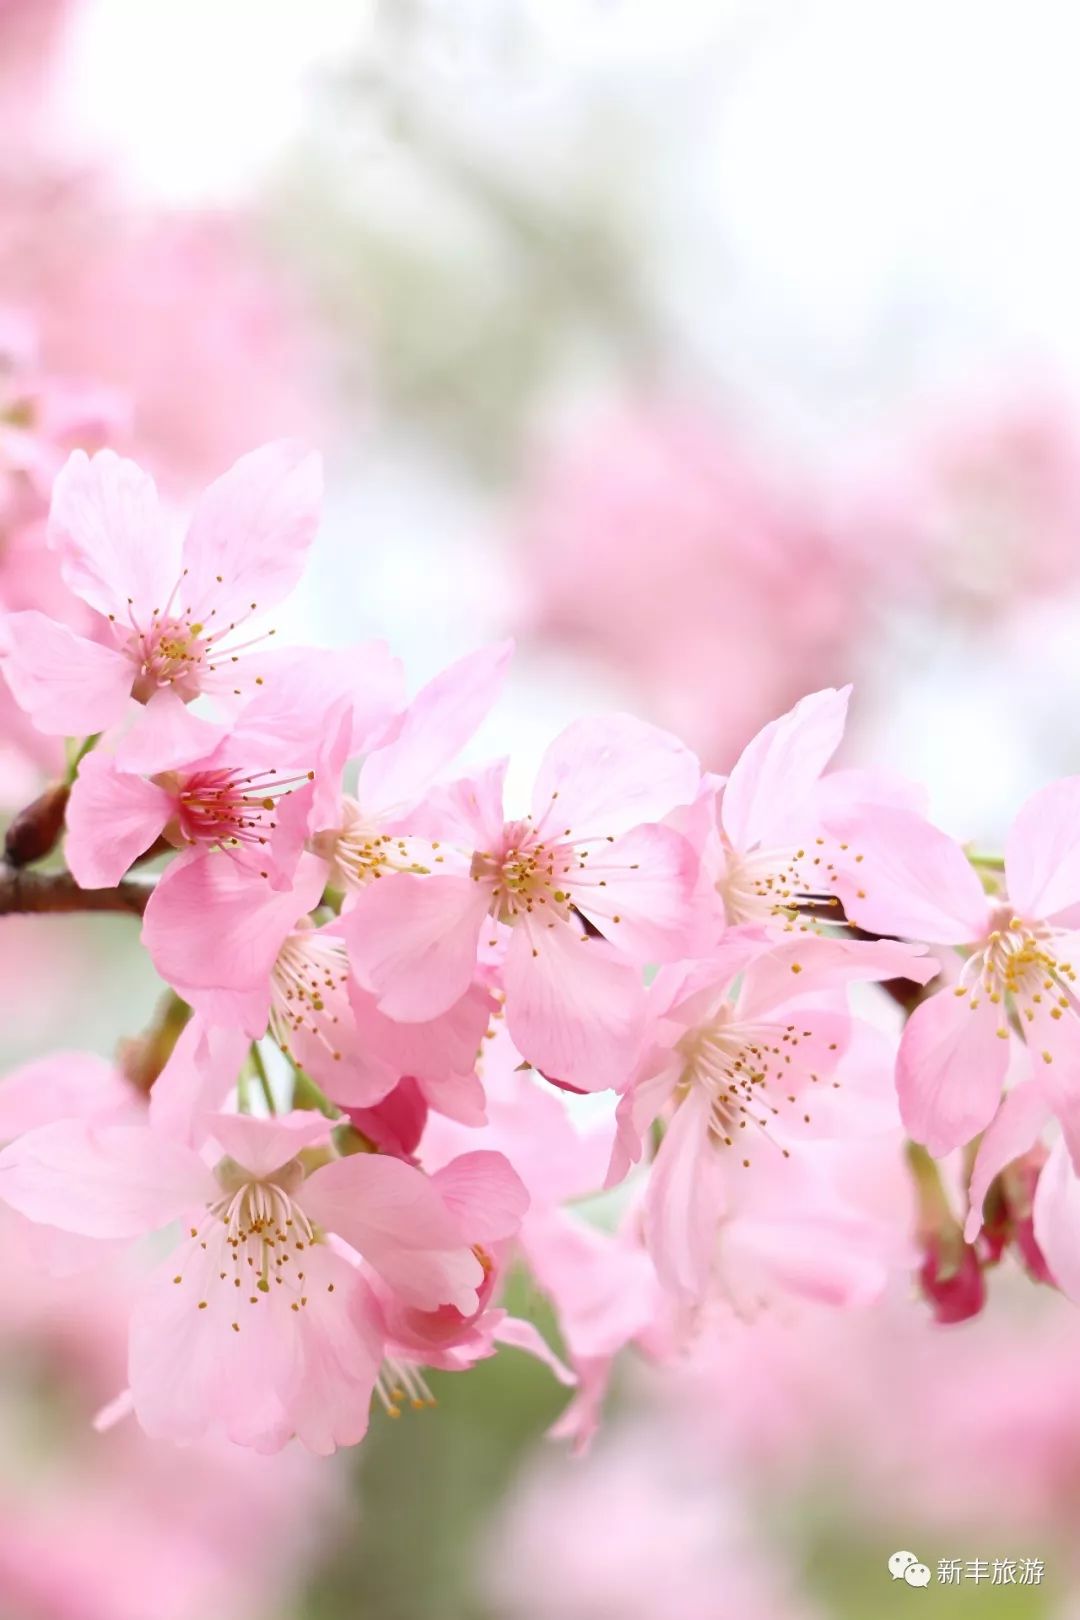 早春二月,新丰这个梦幻秘境,吉野樱花开胜雪,惊艳了春光!
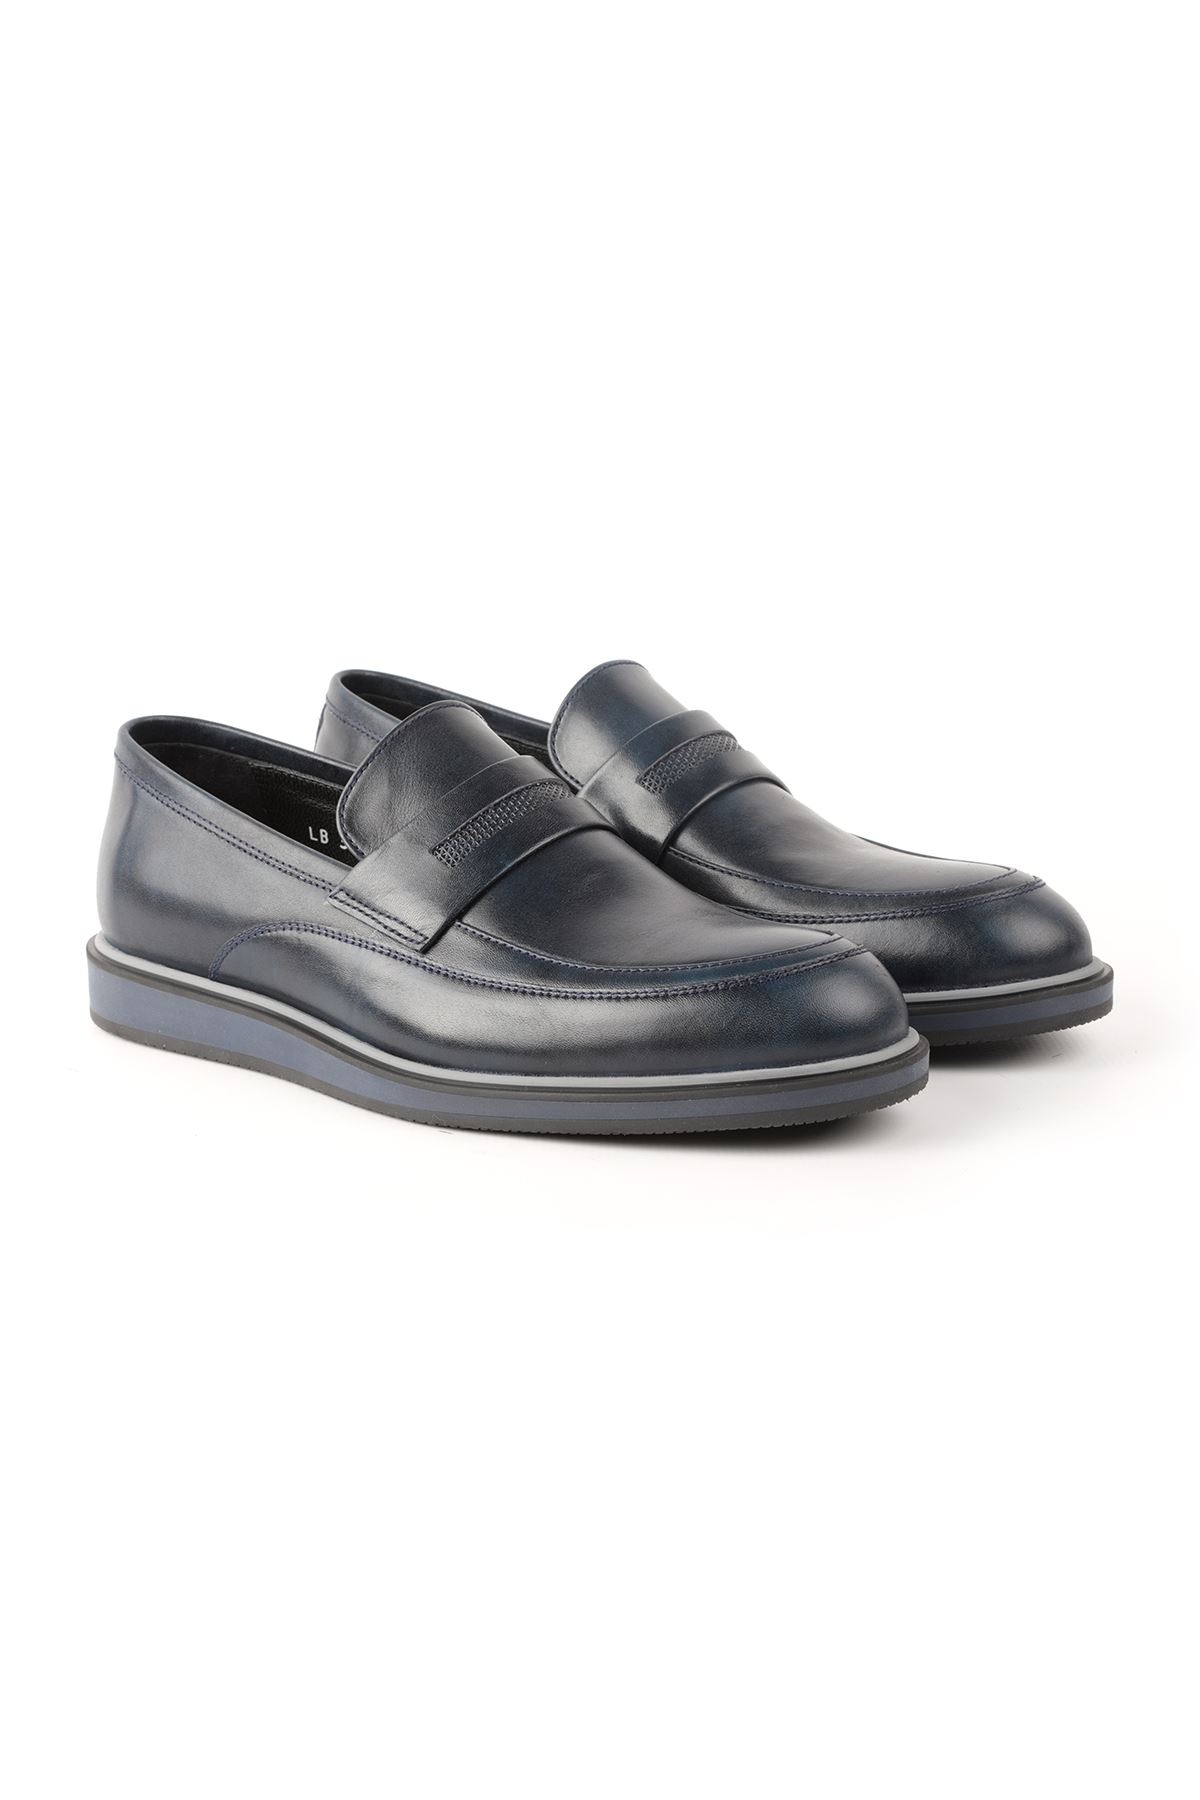 Libero L3668 Navy Blue Loafer Men's Shoes
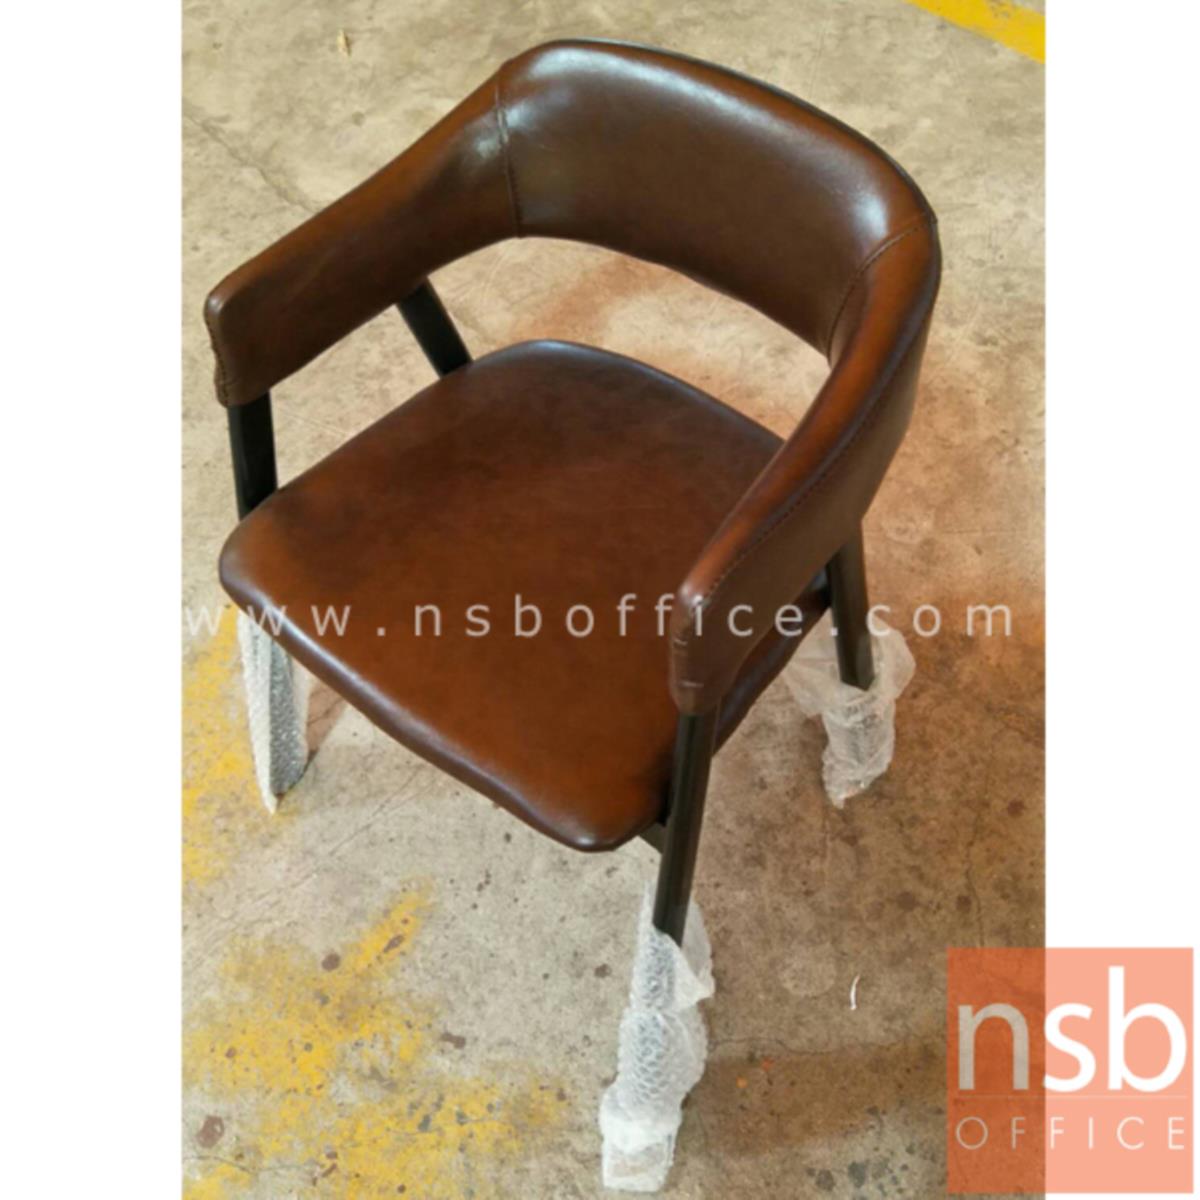 เก้าอี้โมเดิร์นหนังเทียม รุ่น Gable (เกเบิล) ขนาด 50W cm. โครงขาไม้
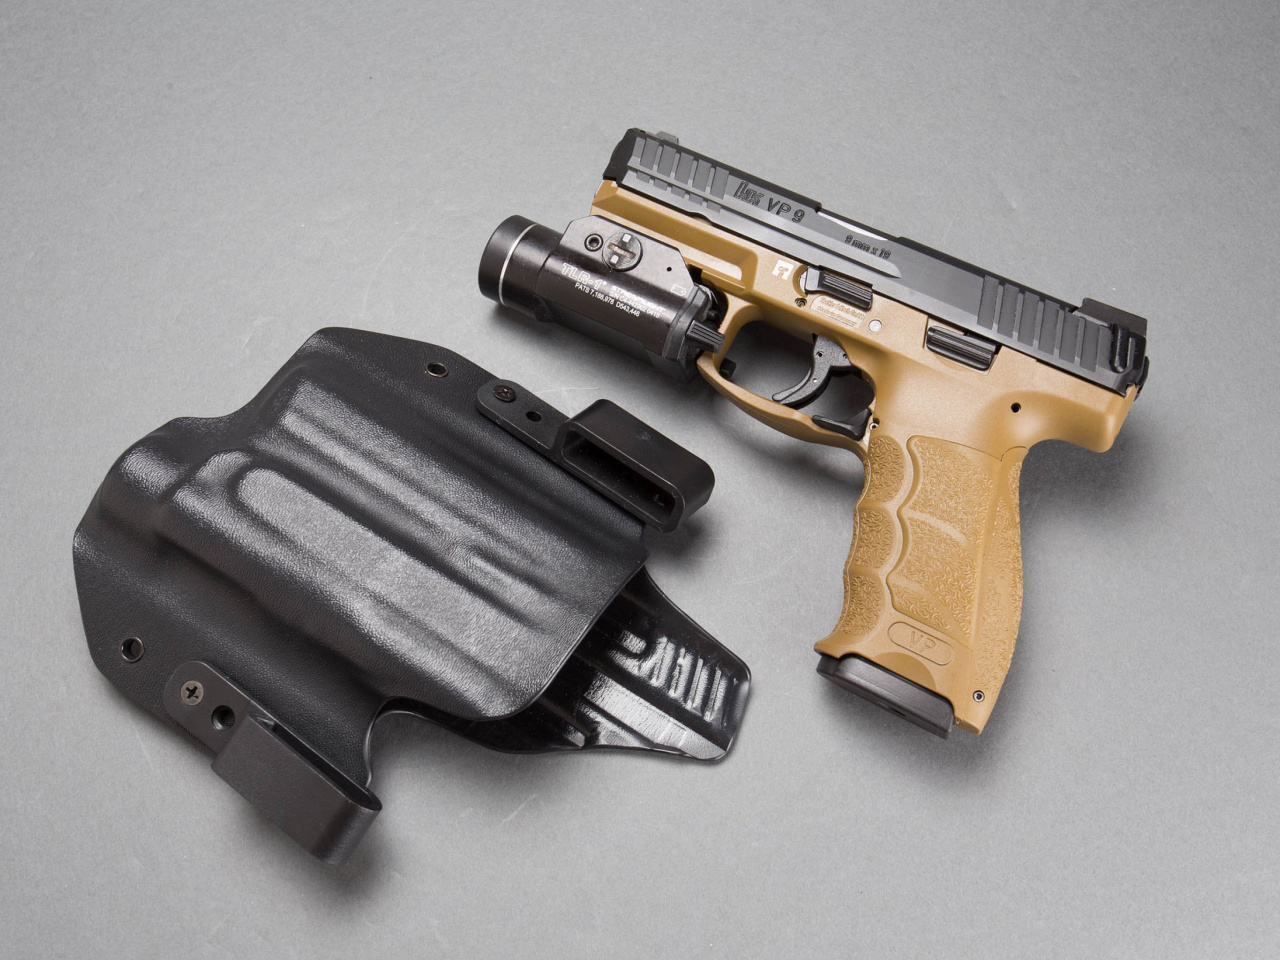 Das Pistols Heckler & Koch 9mm Wallpaper 1280x960
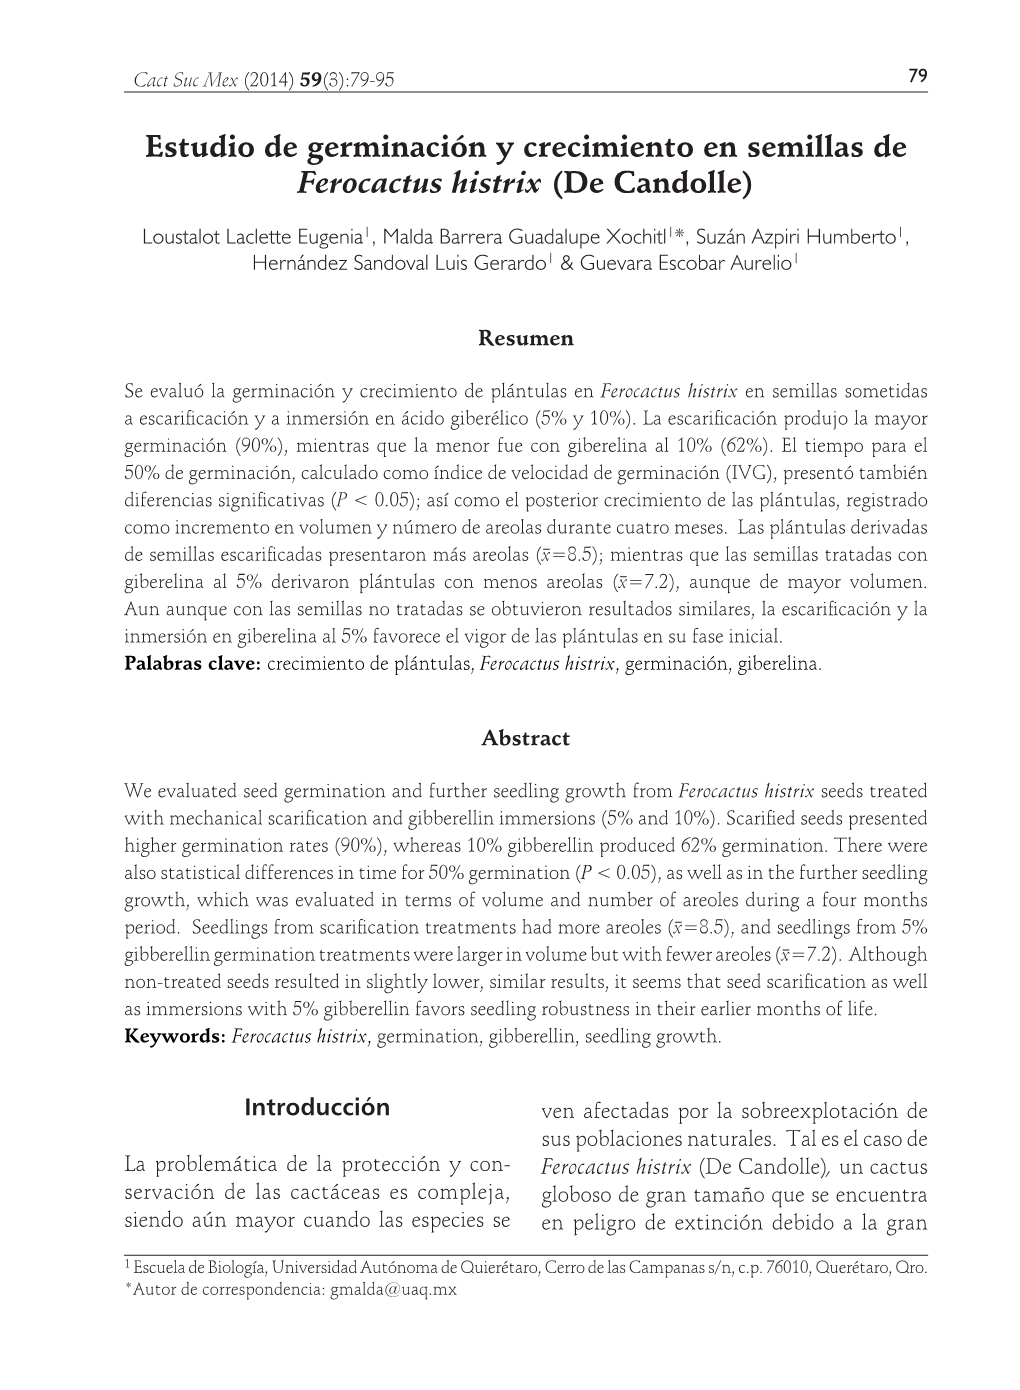 Estudio De Germinación Y Crecimiento En Semillas De Ferocactus Histrix (De Candolle)
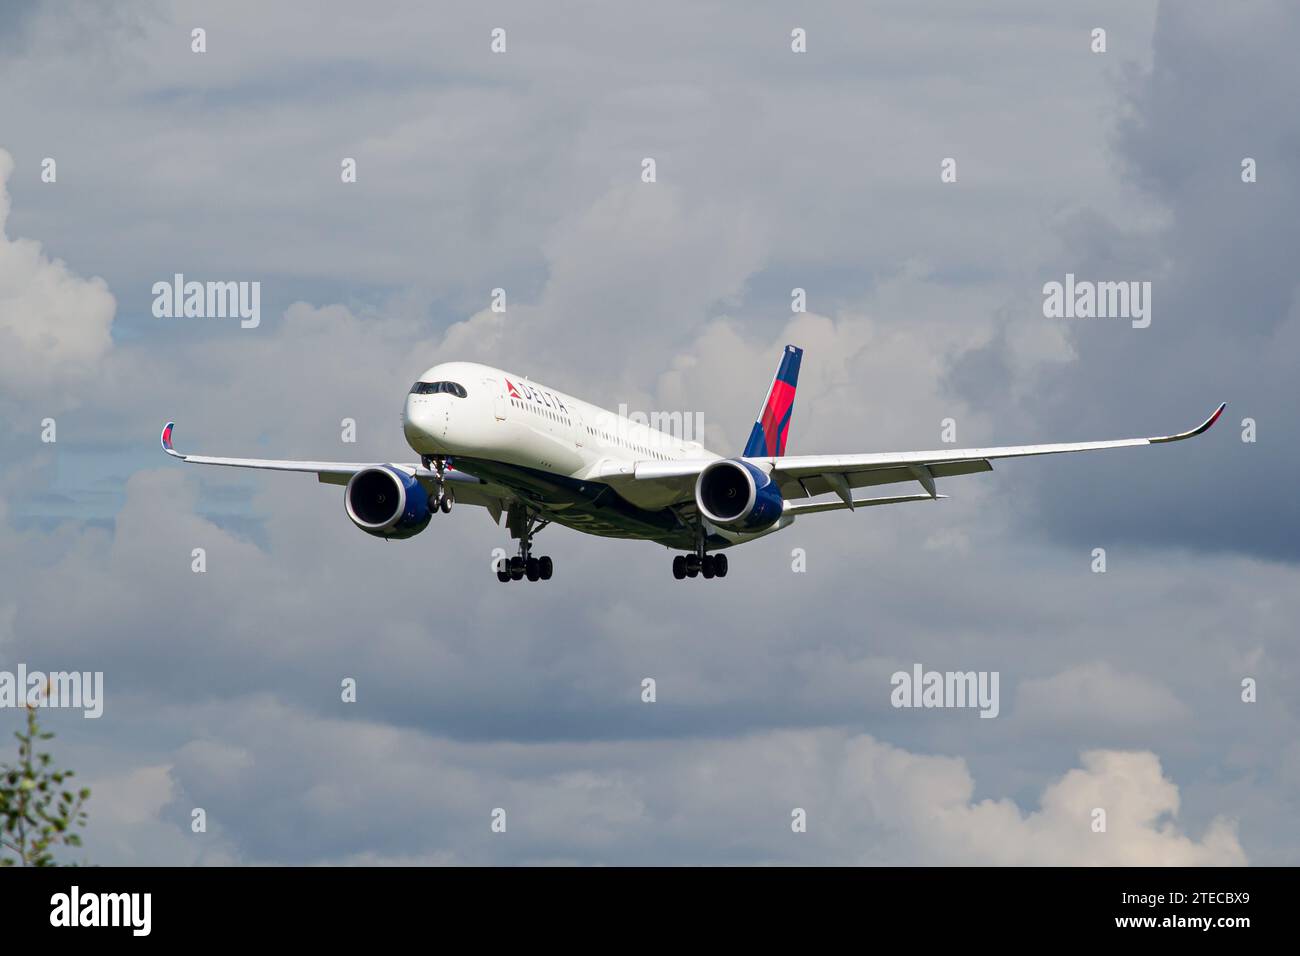 Delta Air Lines aeromobili Airbus A350-900 atterrano a Leopoli. Questa è stata la prima visita dell'A350 all'aeroporto di Leopoli. Foto di alta qualità Foto Stock

> **Goal of the exercise**
Every line from the one containing "Libero L3668 Navy Blue Loafer Men's Shoes" through the end of the entries above is to be copied exactly; pictures are to be left out.

> **Your response**
 Libero L3668 Navy Blue Loafer Men's Shoes
 เก้าอี้โมเดิร์นหนังเทียม รุ่น Gable (เกเบิล) ขนาด 50W cm. โครงขาไม้
 Das Pistols Heckler & Koch 9mm Wallpaper 1280x960
 Estudio De Germinación Y Crecimiento En Semillas De Ferocactus Histrix (De Candolle)
 Delta Air Lines aeromobili Airbus A350-900 atterrano a Leopoli. Questa è stata la prima visita dell'A350 all'aeroporto di Leopoli. Foto di alta qualità Foto Stock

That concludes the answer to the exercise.